Professional web sites are often designed using graphics packages such as Adobe Photoshop. However, there are many other commercial, shareware and free graphics packages which can be downloaded from legitimate sites on the Internet. These are perfectly suitable to design a template for your site. Some packages will also convert your graphical site design into a HTML-based template, which you can then use in an HTML editor.
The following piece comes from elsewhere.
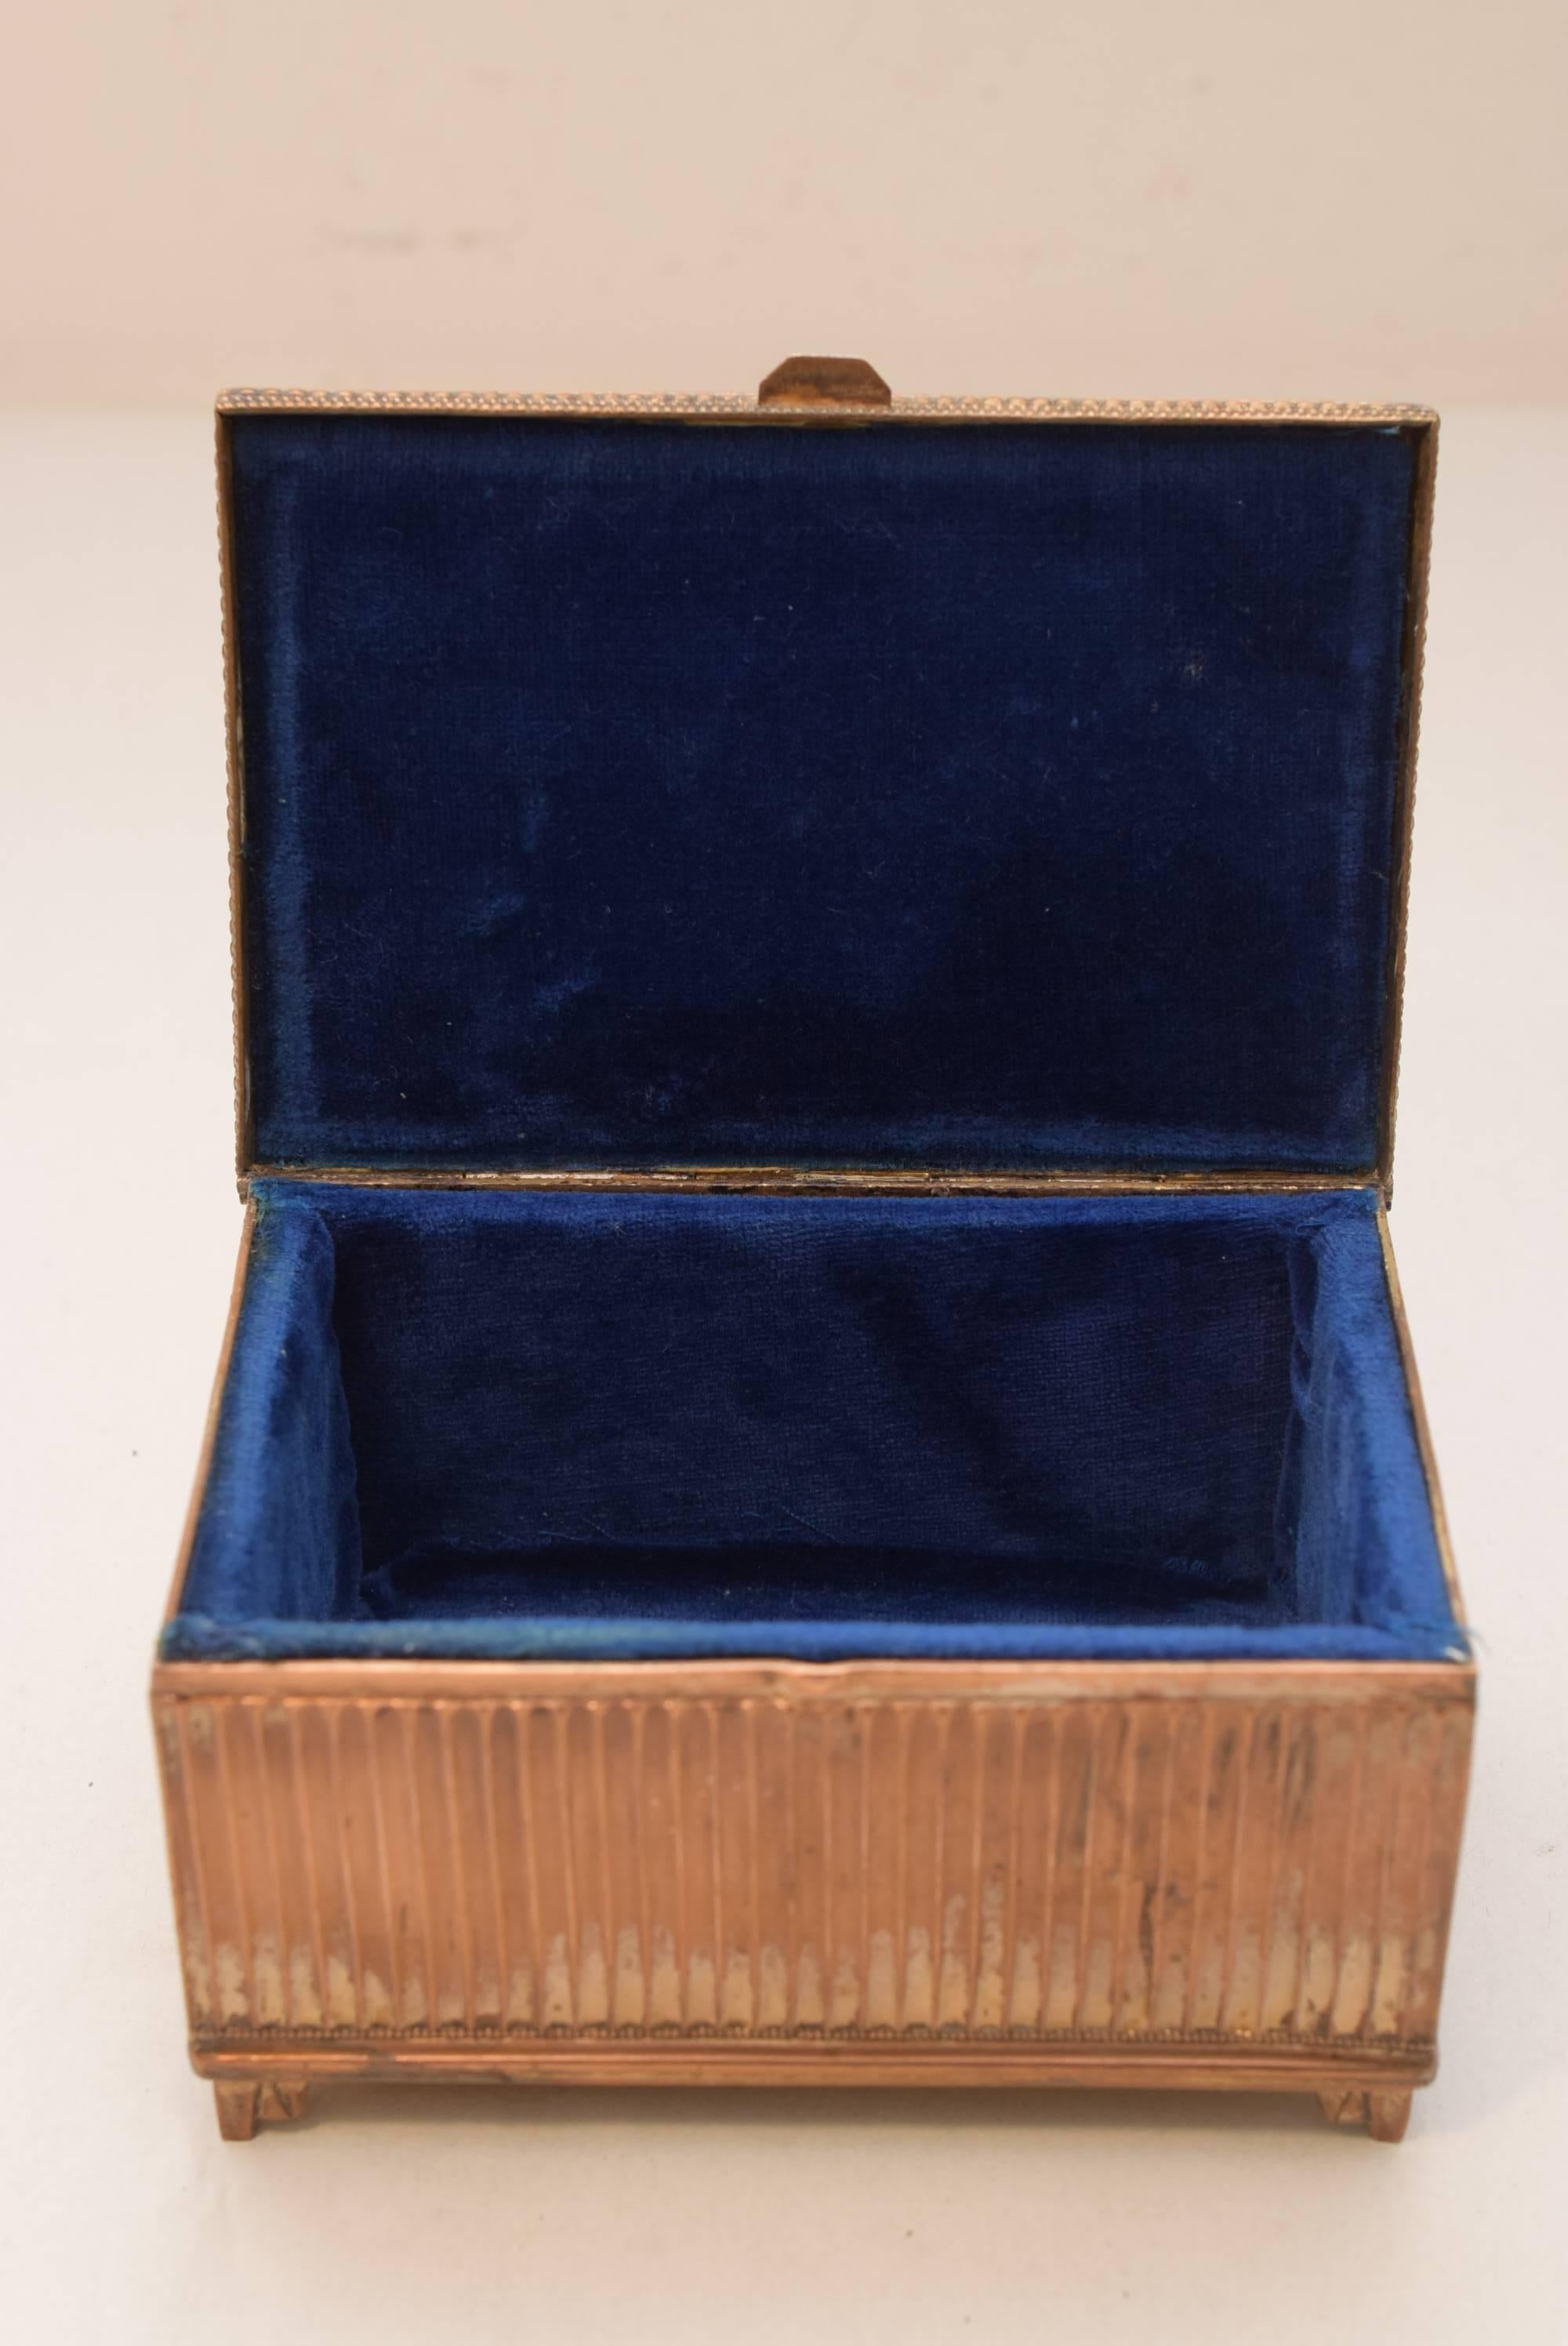 Early 20th Century Art Deco Jewelry Box

Graphics on the web are generally either in the GIF or JPEG formats, although there are newer file formats such as PNG and SVG, which are likely to replace older formats in the future.

Graphics tips:

  1. You should aim to make your graphics as small as possible, but without too much loss of clarity. 
  2. GIF file format is good for images with consistent blocks of colour, such as a logo, lines, text and screen shots. It can support both transparency and animation but is limited to 256 colours.
  3. JPEG file format should be used for complex images such as photographs. It can support 16 million colours and compresses very well. However, you should only save in this format when you are certain you have finished, as each time you save in JPEG format you lose some picture quality.
  4. Many graphics packages will allow you to specify a web colour swatch so that you can choose safe colours when designing your images.The web-safe hexadecimal numbers for colours can be found at: http://www.dtp-aus.com/htmlchrt.htm
  5. There are tools available from the web to splice your images if necessary.
  6. There are tools on the web to make image maps - often used in navigation systems.
  7. There are sites on the web which will optimise your images for you.
  8. Scale graphics to the size you actually want, rather than doing it dynamically from within a web page.